Antiangiogenesis Treatment for Glioblastoma Multiforme: Challenges and Opportunities

Angiogenesis is a major hallmark of cancer cells, and glioblastomas are among the most angiogenic tumors. The cascade of angiogenesis is probably initiated by hypoxia, leading to the production of vascular endothelial growth factor (VEGF) and basic fibroblast growth factor (bFGF). Both VEGF and bFGF have paracrine effects on endothelial cells, pericytes, or both, causing the formation of hyperpermeable tumor blood vessels. Advanced MRI techniques, such as dynamic contrast-enhanced, dynamic susceptibility, and arterial spin labeling MRI, have provided semiquantitative measurements of tumor vascular permeability and perfusion. A decrease in vascular permeability and perfusion can be detected after antiangiogenesis drug treatment, either with monoclonal antibody such as bevacizumab that sequesters VEGF, or small-molecule VEGF receptor tyrosine kinase inhibitors.

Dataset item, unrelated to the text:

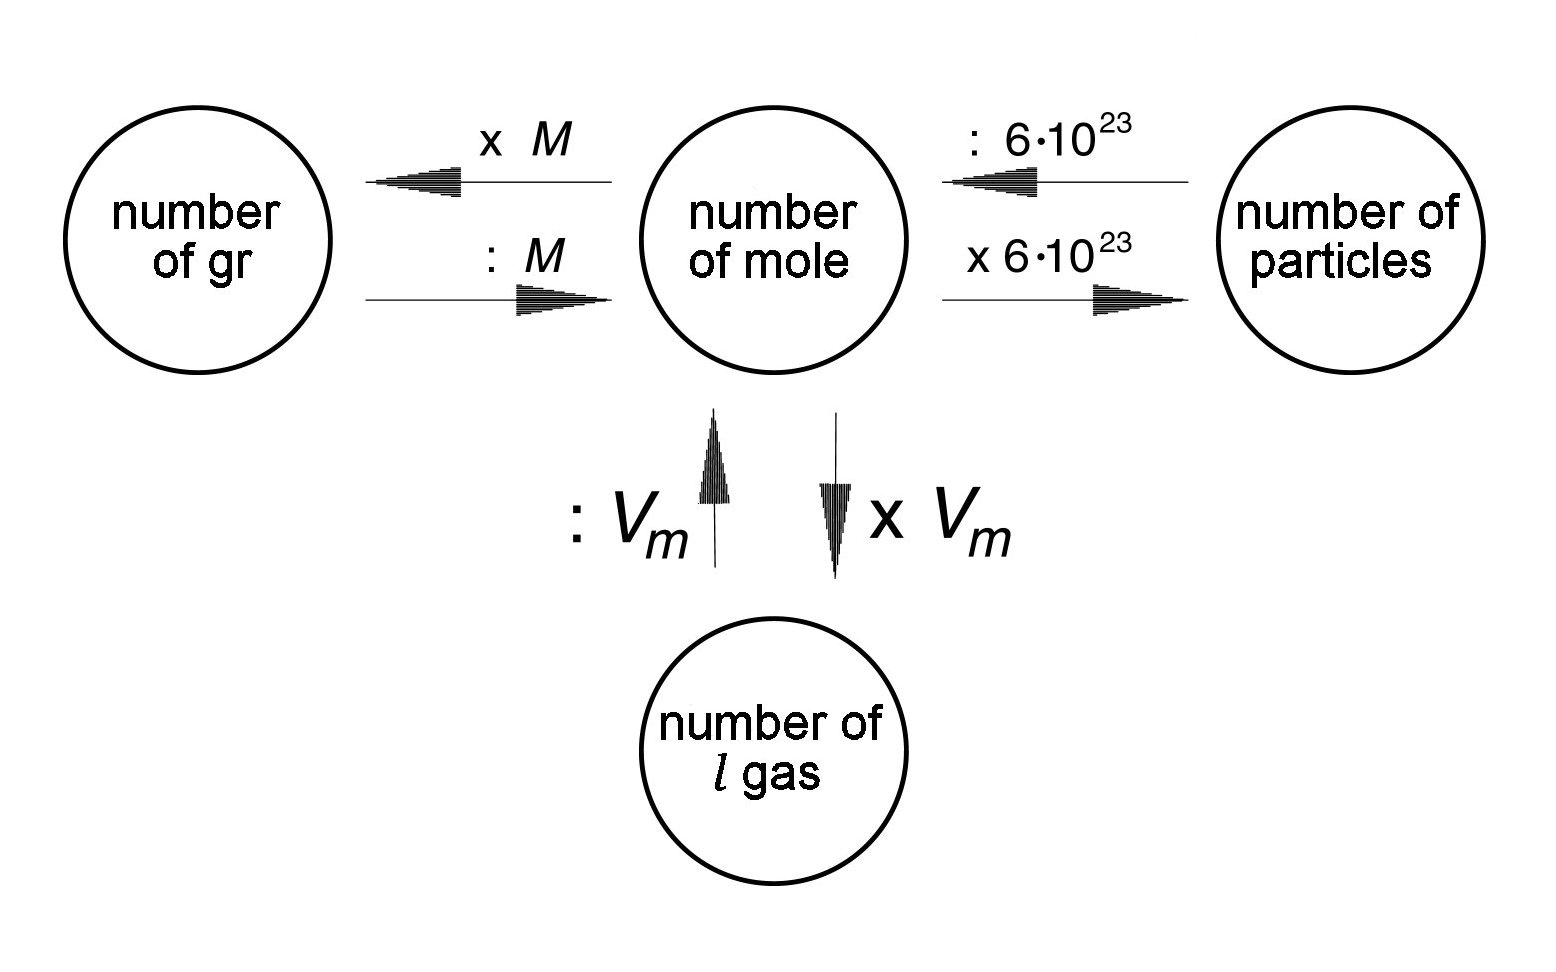 Basic concepts - Avogadro's scheme
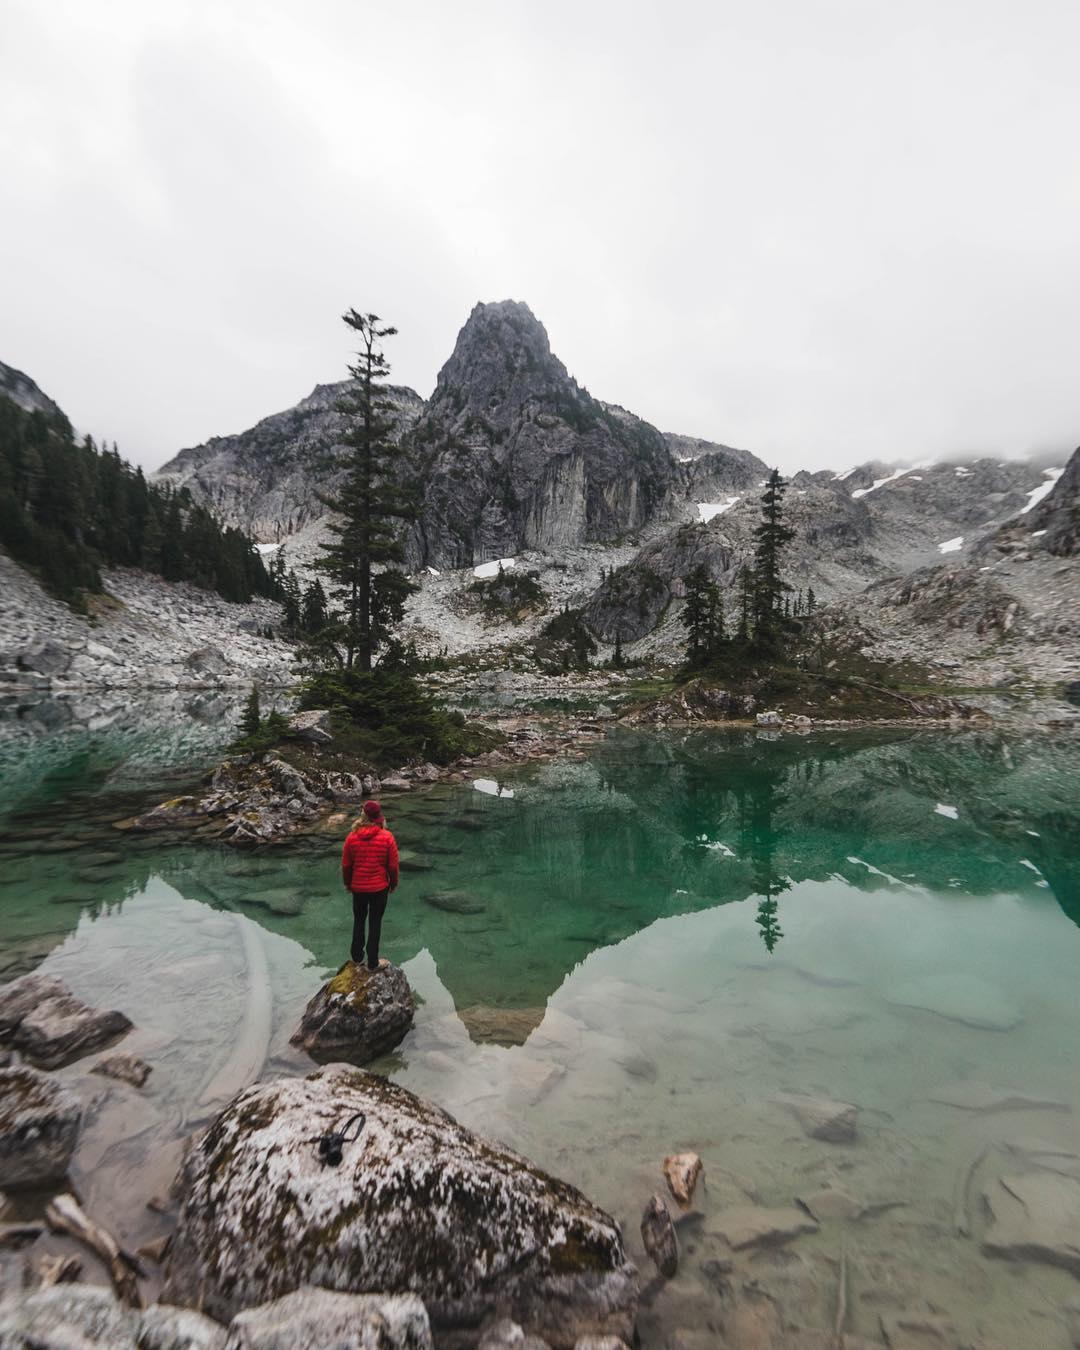 Путешествия и приключения на снимках Эррин Касано

Therefore, antiangiogenesis therapies are being increasingly adopted for treating glioblastomas. However, caution must be exercised because neural stem cells are also sensitive to antiangiogenesis drugs and the combined effect of ionizing radiation. This article summarizes 30 years of laboratory and clinical research on glioblastoma angiogenesis and discusses its underlying biology, clinical trial results, vascular neuroimaging, and the potential side effects of antiangiogenesis treatment.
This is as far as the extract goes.